There does come a point when rust removal has to switch over into replacing car parts. Generally, when rust has eaten away at parts, leaving holes in it, it’s more feasible to replace parts than repair them.

Touching Up the Paint Job On Your Car

Over the years, one of the most visible things that may need to be touched up on one of these vehicles is the paint job. If you are taking this job on, there are a few things that you’ll need to know.

The first suggestion from most professionals is to make sure you take care of any dents or dings in your car before bringing paint anywhere near it. This way, you don’t have to worry about the paint job looking odd or being uneven when you fix these details.

Citroën professionals recommend only taking it on if you have the right equipment and space. This is because it requires some more complicated steps than a touch-up. For instance, you’ll need to strip the original color before painting and the prime, rub down the car, and add on the top coat and lacquer for a “new car” shine. Then, you’ll need to rub it down again and buff and polish it.

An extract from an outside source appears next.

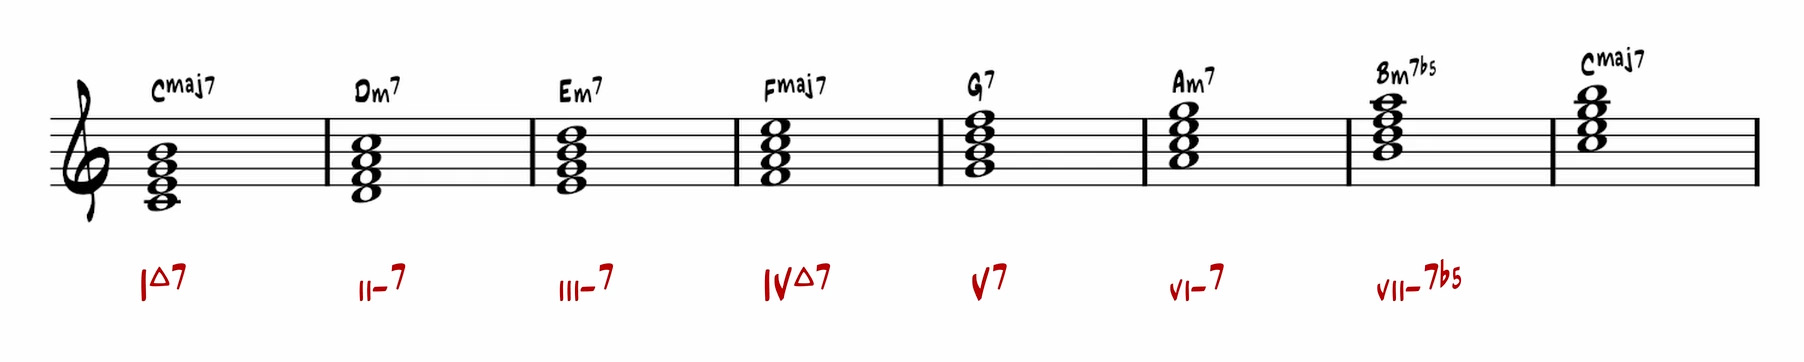 diatonic 7th chords in C major

If you only need to do a few touch-ups, the process is much simpler. You’ll still want to follow the same steps, but the process won’t be as arduous as completing a full job.

To rub down your car, you’ll need the right sander. The sandpaper itself needs to be fine but there are tools that can make your life easier. You can check out your best options for belt sanders at

Polishing Glass

One of the most obvious things on old cars aside from the paint job is cloudy windows. This doesn’t necessarily mean that you have to replace parts like the windshield, though. Before giving up on your glass, try polishing the glass and see if it will retain its original clarity. Of course, this isn’t an option if the glass is already broken or cracked – especially the windshield.

Cloudy Lenses

Unfortunately, the way tail lenses and side markers are designed on most Citroens makes them borderline impossible to polish. In this case, finding decent shape replacement lenses or NOS parts is pretty much the only reasonable way to deal with this problem.

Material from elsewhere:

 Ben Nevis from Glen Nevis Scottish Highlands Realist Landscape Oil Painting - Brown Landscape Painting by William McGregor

Spray Silicone on Door Seals – Not a Good Idea

You might notice that when you open and close doors that they bind or squeak. A common default on many cars is a silicone seal that wears over time. With that being said, spraying silicone on Citroën door seals is a big NO.

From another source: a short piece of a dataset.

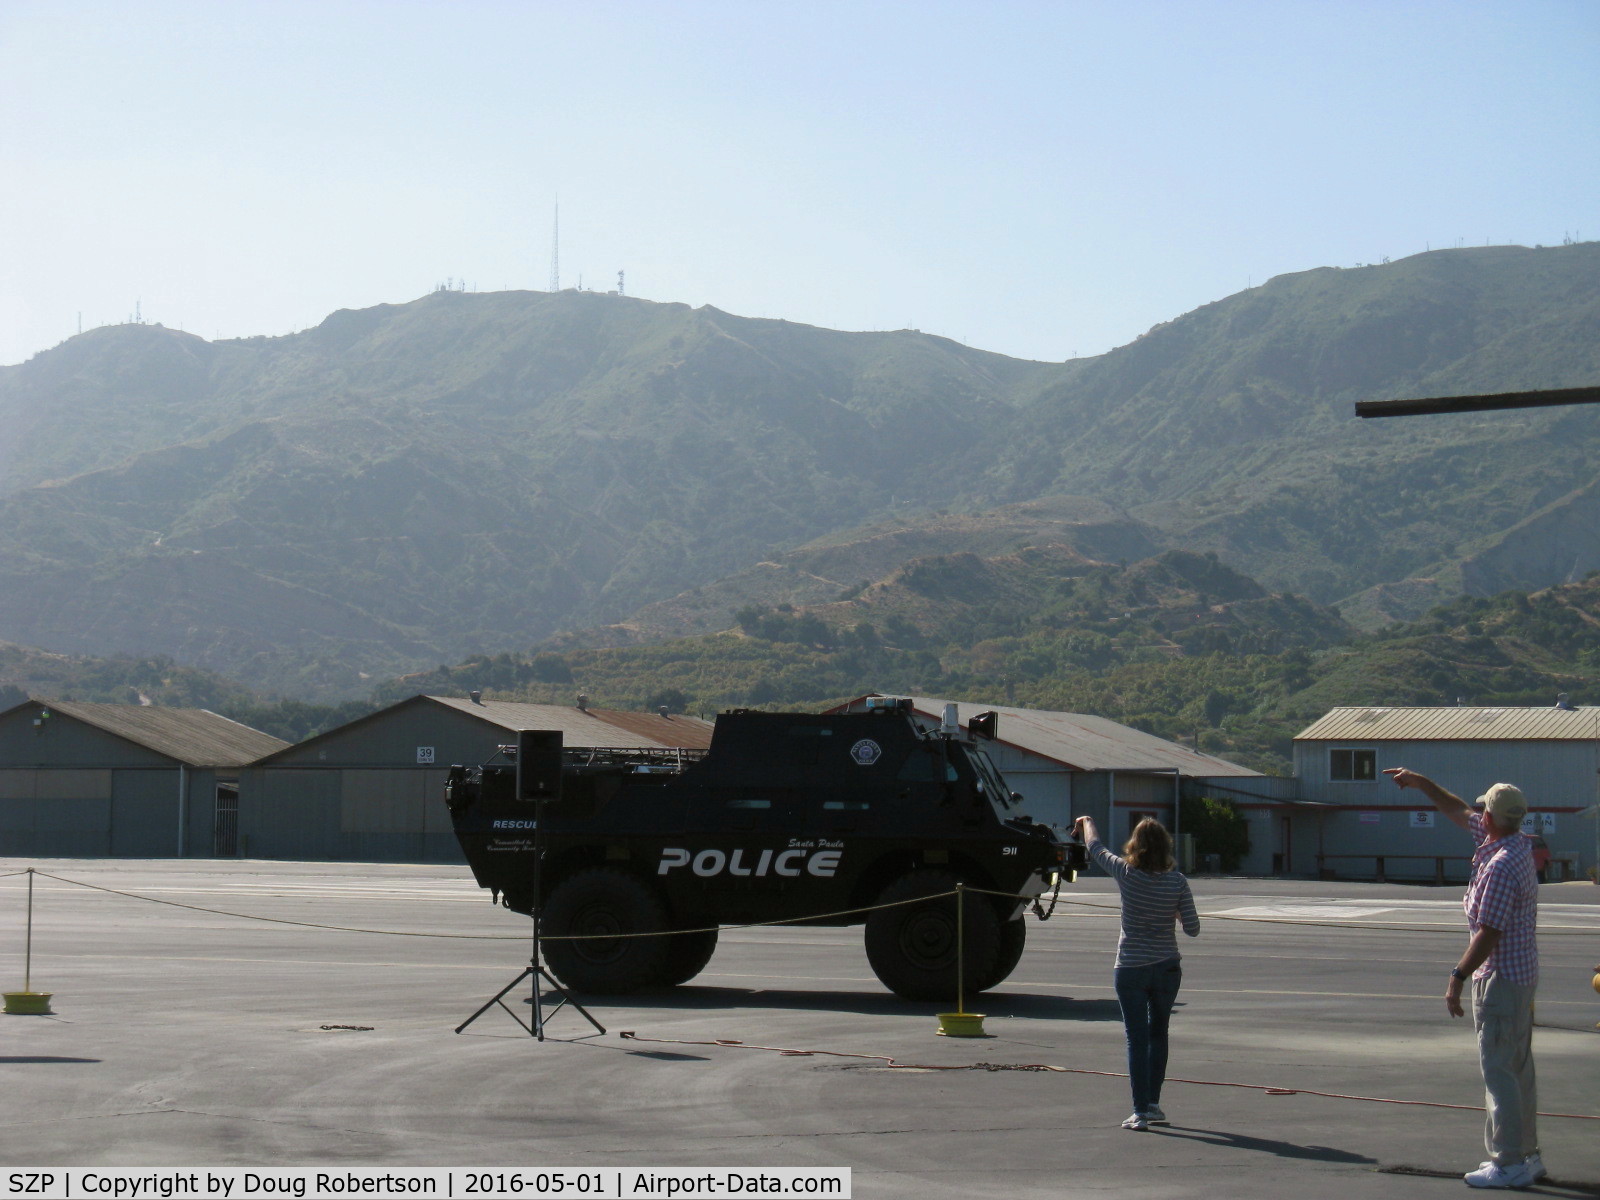 Santa Paula Airport (SZP) - Santa Paula Police Department Special Ops Vehicle

Specifically, spraying silicone on the Traction Avant and 2CV models will cause the rubber to warp and relax. On the DS and SM Citroen models, the silicone will affect the glass contact and cause even greater problems (like marks on the glass which can eventually lead to greater wind noise). This happens because both the DS and SM models have pillar-less window frames.

Refurbishing your own Citroën car will be a big job. However, you don’t have to go into it blind. While the exact steps for restoration of Citroën cars differs from model to model, with this guide, you’ll be able to get your project started.


    1. For door seals and also windshield wiper blades, just clean them with soapy water without exerting much pressure on the rubber edges. On the door seals, once dry, brush a light dusting of talcum powder. Be sure to use talcum powder and not the corn starch formula talcs widely available on the market now. Just look on the packaging. If the door seals are old and dry, wiping a bit of vegetable oil on them may help in softening them up, but most likely they should be replaced.

  1. Belt sanders for amateur paint touch up? Might as well just use your sandblaster to clean the windows! And taking all the original paint down to metal before a repaint? I’ve only done a few cars, but I’d suggest as step one, to buy a couple of books on basic bodywork, and add in a few YouTube videos. And plan on spending more than ‘a few hours’ on anything that involves more than a little brush and touch up lacquer.
    That said, it is certainly possible for almost anyone to halt the ravages of time and salt and produce reasonably smooth and shiny paint. But leave the belt sander in the wood shop.